Maiorca

Maiorca Maiorca
Maiorca, la più estesa. 

Così in molti spiegano questo toponimo spagnoleggiante: anticamente, forse, Maiorca era il borgo più esteso della zona. Massimo Pittau, linguista, glottologo e docente all’Università degli Studi di Sassari, nel suo testo “Toponimi della Sardegna Settentrionale. Significato e origine”, ipotizza che Maiorca fosse il cognome del proprietario originario dello stazzo, e che quindi il nome sia rimasto a indicare tutta la zona.

PASSATEMPI DI UN TEMPO LONTANO 

Anche se, probabilmente Maiorca era uno dei borghi più grandi della zona, non era facile trovare qualcosa per intrattenere i più giovani, quando questi non andavano a scuola. 

Allora i genitori e i nonni proponevano loro dei “giochi” che, in realtà, erano piccoli lavoretti, come andare negli stagni o nei boschi a raccogliere i frutti della natura. Così, d’estate, i bambini di sei/sette anni andavano a cercare le arselle con i rastrelli: queste erano considerate da tutti un piatto prelibato, cosa che inorgogliva non poco i giovani procacciatori. Durante l’autunno e l’inverno, invece, si andava a raccogliere mirto e pere selvatiche, soprattutto poco prima di Natale.

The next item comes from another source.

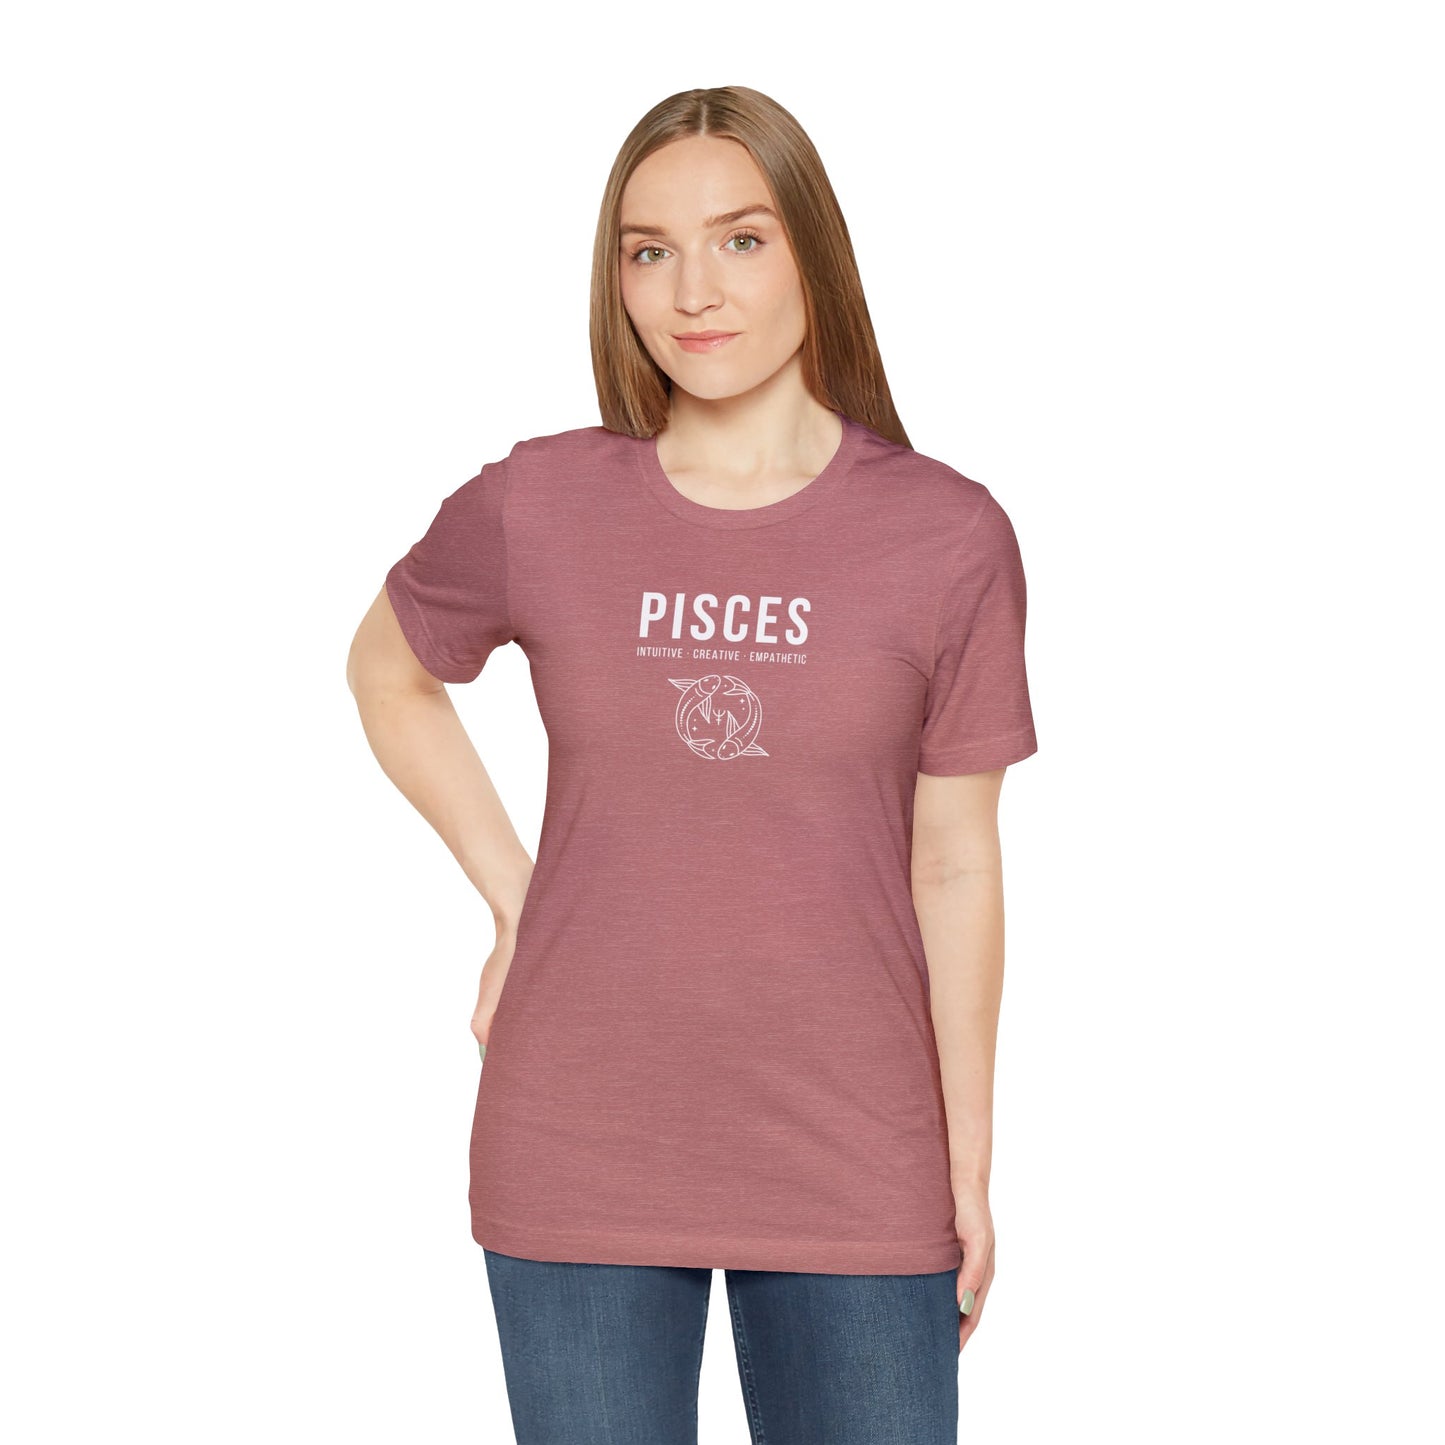 Pisces Shirt Unisex Short Sleeve Tee

Il mirto veniva utilizzato per il famoso liquore, mentre le pere selvatiche si mangiavano la notte della vigilia, prima di andare a messa. In realtà questo era un modo sia per tenere occupati i bambini, che altrimenti avrebbero rallentato il lavoro quotidiano dei genitori, sia un modo per alleggerire il lavoro dei più grandi: tutti, a Maiorca e negli stazzi galluresi, davano una mano affinché il cibo non mancasse mai. Bambini e bambine iniziavano a lavorare già dai sette anni: le femminucce aiutavano le madri e le sorelle più grandi nei lavori di casa, mentre i maschietti andavano nei campi.

 IL MENÙ DELLE FESTE

La notte di Natale, insieme alle pere selvatiche, si mangiavano anche altri frutti della terra, spesso raccolti dai bambini stessi: fichi secchi, mandorle e nocciole. Si preparava anche s’aranzada, un dolce a base di buccia d’arancia, mandorle e miele. Mentre per il pranzo di Pasca di Natali, il giorno di Natale, il menù comprendeva quello che tutt’ora persiste in questa zona: zuppa gallurese, gnocchetti al sugo, agnello e salsiccia. Ancora non si faceva l’albero di Natale e non c’era l’usanza di fare regali ai bambini né tantomeno agli adulti, probabilmente anche a causa della difficile situazione economica. Però in ogni borgo, Maiorca compresa, si faceva un piccolo presepe che tutti potevano ammirare. Questa è una tradizione che rimane anche oggi: ogni anno, a dicembre, Budoni e i suoi borghi ospitano decine di presepi sparsi in tutte le vie. Durante le altre feste il menù era pressoché uguale, cambiavano solo i dolci tipici: a Pasca d’abbrili, Pasqua (di aprile), ad esempio, si preparavano e si fanno tutt’ora li casgiatini: dolci ripieni di formaggio o ricotta, a seconda dei gusti e anche della zona.

Come arrivare?
Da Olbia prendete la SS131 DCN direzione Nuoro. Dopo circa trenta chilometri prendete l’uscita per San Teodoro e poi prendete la SS125 Orientale Sarda seguendo le indicazioni per Maiorca.